If you elect to have a Flexible Spending Account (FSA) with your employer and don’t spend all the money in the year, the remaining balance is forfeited. That can be a real bite in the butt. That’s why it is important to plan your medical expenses carefully.  FSA plans allow you to lower your taxable income by claiming medical expenses and allows you to pay that amount throughout the year instead of a lump sum payment. For those of you with kids, this is definitely a great plan.

But, did you know that if you if you spend all your FSA money and get fired/laid off from your employer, you do not have to pay the difference? For example, let’s say you set up a FSA account for $2000 dollars for the year 2009. That equals to $167 a month out of your paycheck throughout the year. Now, in February you had LASIK surgery on your eyes for $2000, essentially spending all the money in your Flexible Spending Account. Then on March 1 you get the bad news your employer is letting you go. So far, you’ve only paid $400 of that $2000 FSA. Guess what? That’s $1400 free money! You are not responsible for having to pay that money back.

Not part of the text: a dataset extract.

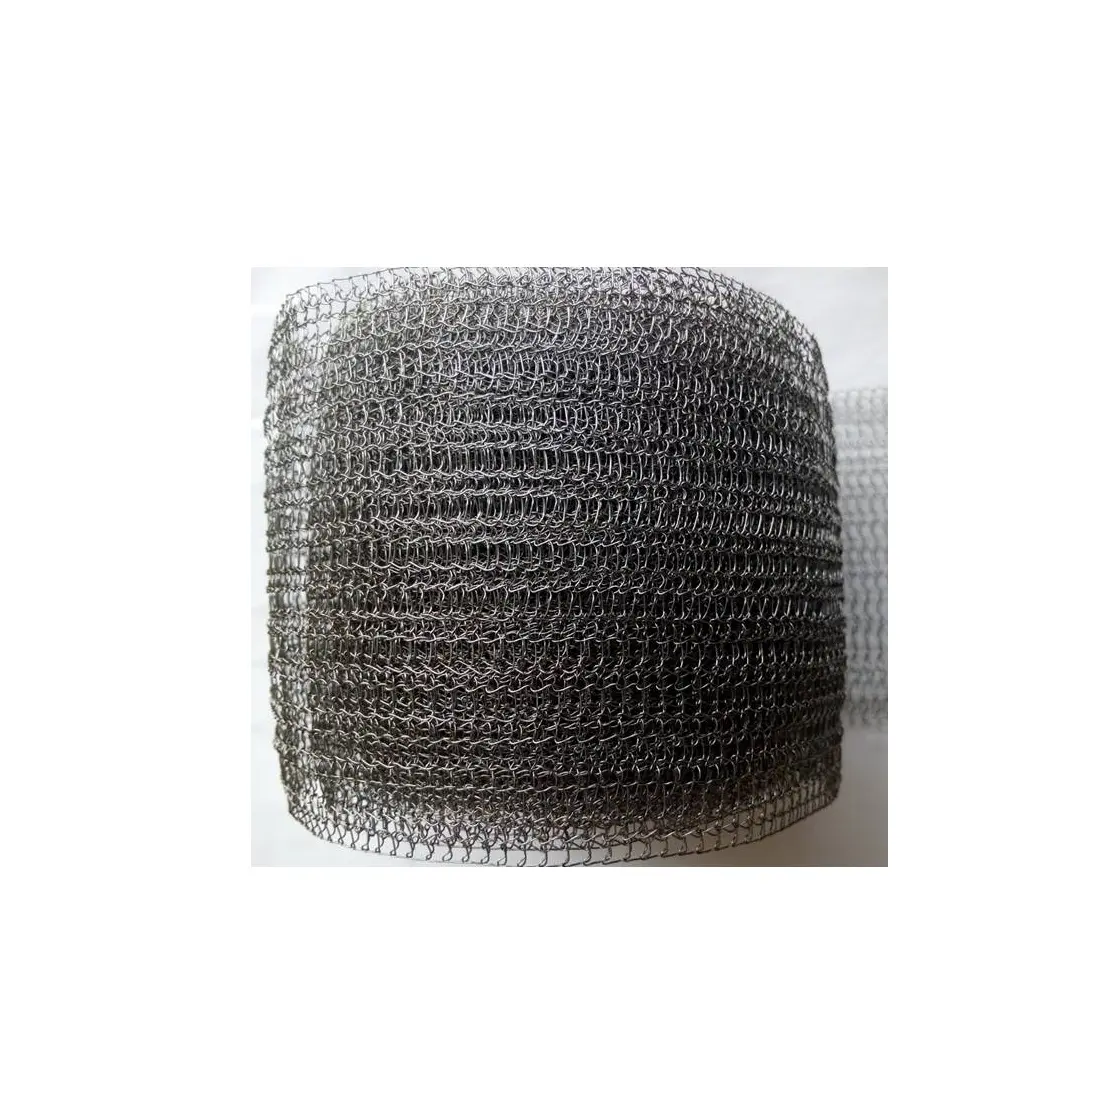 Hot Selling Flexible Durable Wire Mesh Rolls Steel Wire Mesh for Industrial Use Attainable at Best Price from India

If you are contributing to a Flexible Spending Account (FSA) and are worried about losing your job, get out there and spend that account money now. Don’t put off a surgery or getting presciption glasses any longer. Take advantage of a system that takes advantage of you (if you don’t spend). If you were just laid off, you usually have 30 days (sometimes up to 45) to make insurance claims. The bad news is that after you’ve been let go, you can only benefit up to the limit of what you’ve paid into the FSA.